# SHELBY BICYCLE DAYS in Shelby,OH!!!



## fordmike65 (May 30, 2018)

Wish I could make it. Looks like a lot of fun!

https://www.shelbybicycledays.com/

*WHAT IS SHELBY BICYCLE DAYS*
Shelby Bicycle Days is an annual community festival that takes place in the heart of Downtown Shelby. The festival is designed for family fun, while incorporating the history of Shelby Bikes that were once manufactured by the Shelby Cycle Company.
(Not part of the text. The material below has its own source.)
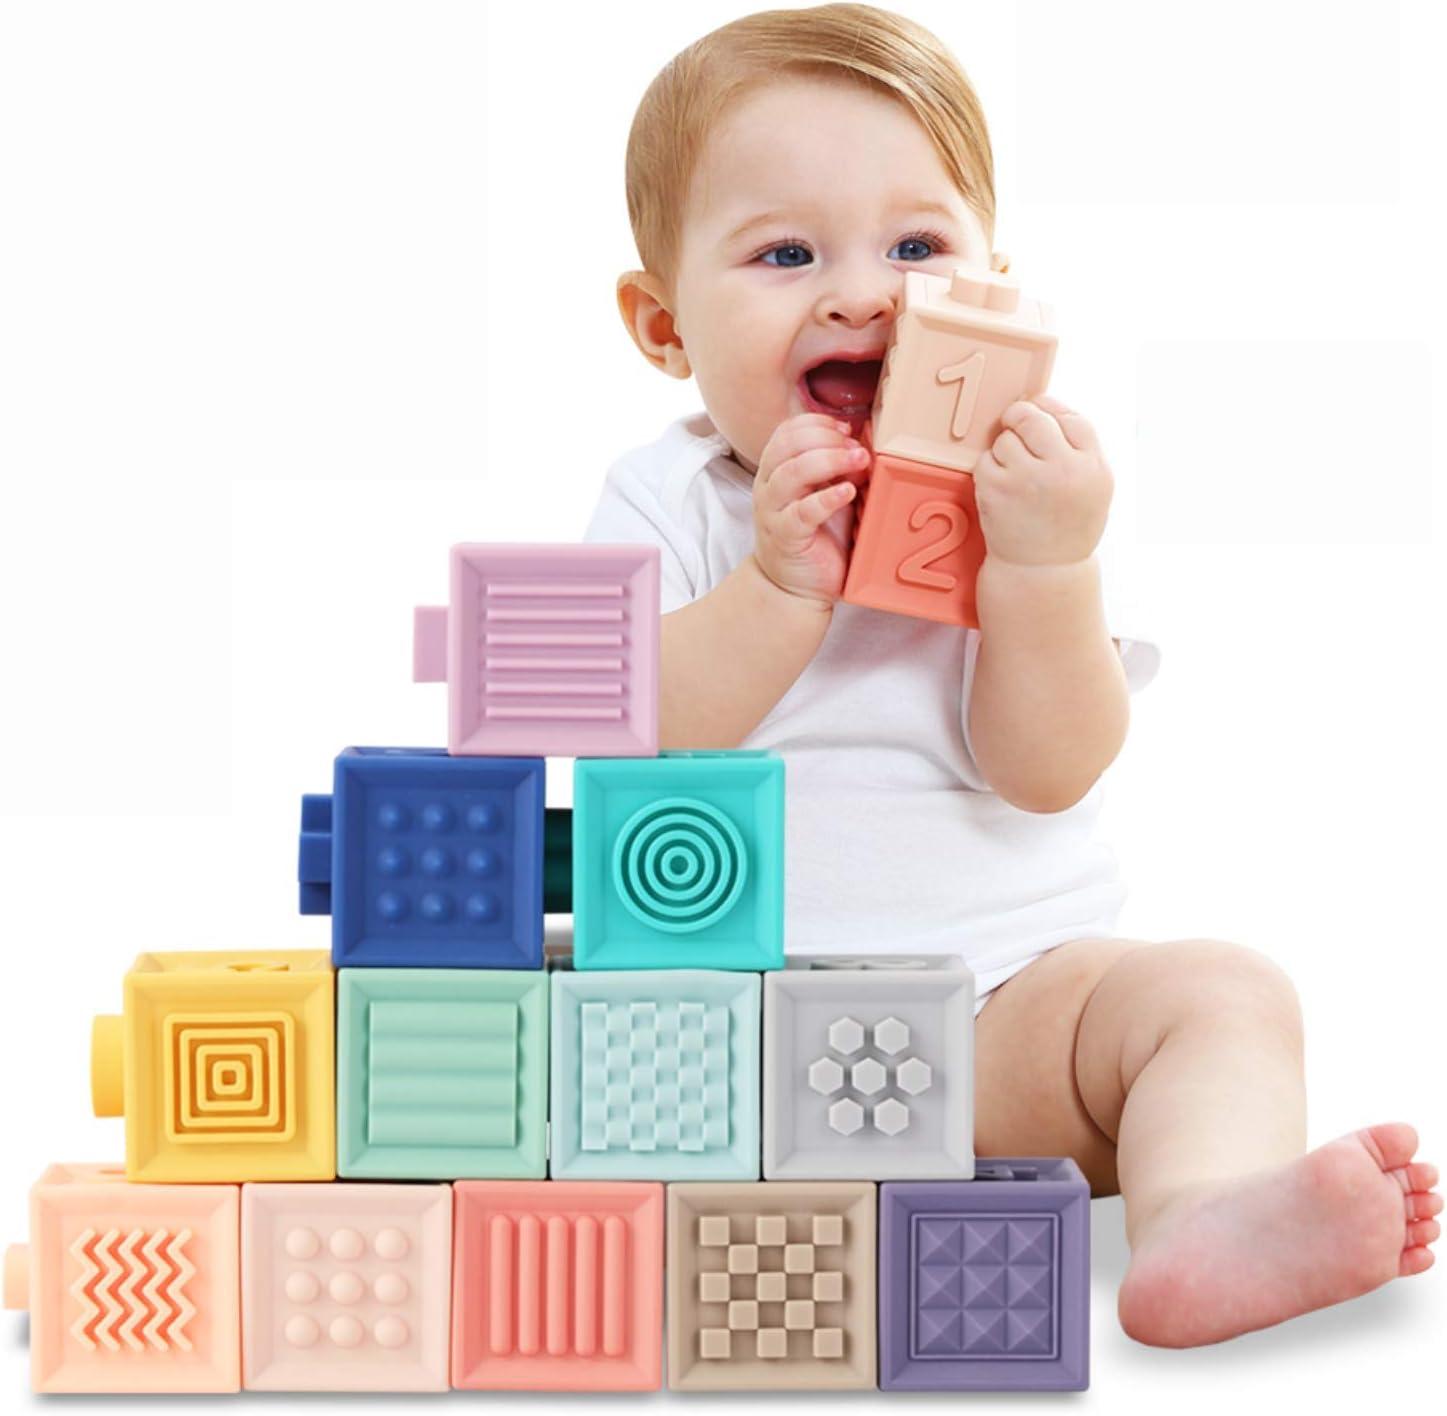 Tumama Bloques de bebé Bloques de construcción Suaves Juguetes de bebé Mordedores Juguete Educativo Jugar con números Animales Formas de Texturas 6 Meses y más 12PCS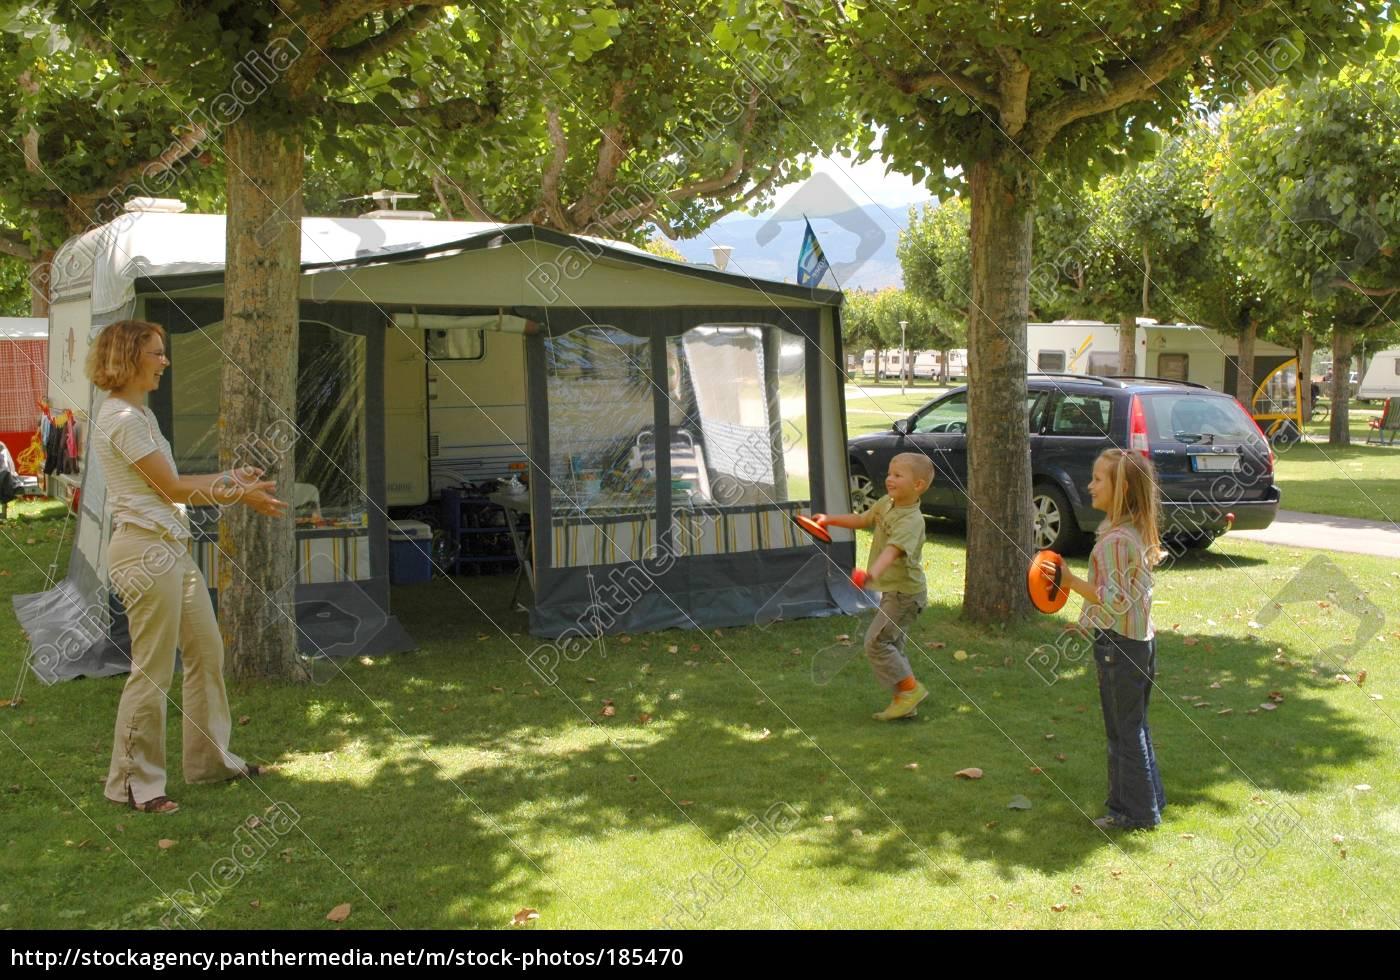 campsite - 185470

The festival has taken place for more than 25 years in Richland County. 


Each year a group of Shelby residents, help to plan a festival that includes signature events like the Shelby Bicycle Days Parade, Spokes4Kids Community Challenge and the area's best firework display. 


The event takes place annually in early to mid-July in Black Fork Commons. 


Shelby Bicycle Days is a project of the Community Improvement Corporation of Shelby.

Shelby has a rich history in bicycle production that, through foresight and perseverance, prospered through the Great Depression and World War II. It was a profitable 30-year venture that almost didn’t come to be.


The Shelby Cycle Frame Builders was formed in 1921 by A. D. Meiselbach of Chicago, a pioneer in the industry. Lured by a local supply of seamless tubing and the promise of free factory space, Meiselbach began producing frames and forks in Shelby.



Despite increased capitalization, the company was failing by the summer of 1924. Shareholders abandoned the venture, but factory superintendent Leon A. Smith found work to keep the factory open. By November 1924, Smith and 18 employees began to turn a profit.


In 1925, the company name was changed to Shelby Cycle Company and began assembling complete bikes.


The company displayed their newest creation, The Whippet, at a trade show in Madison Square Garden in January 1927. There they met trans-continental cyclist Clarence Wagner, who agreed to ride a Whippet cross-country later that year. Wagner broke the transcontinental record from Newport Beach to Atlantic City in 20 days, 17 hours.


In the 1930’s, there were several plant expansions. By 1937, Ohio companies made 50 percent of American bicycles; the Shelby Cycle Company was responsible for 1/3 of the output. More than 200,000 bicycles were made by 400 employees working day and night.


World War II and a required industry shutdown in 1942 would impact the mission of the mighty bicycle company. The company made a bold decision in 1941 to build a two-story addition in anticipation of national defense orders. At shutdown, the plant was already doing some war work in addition to manufacturing bicycles.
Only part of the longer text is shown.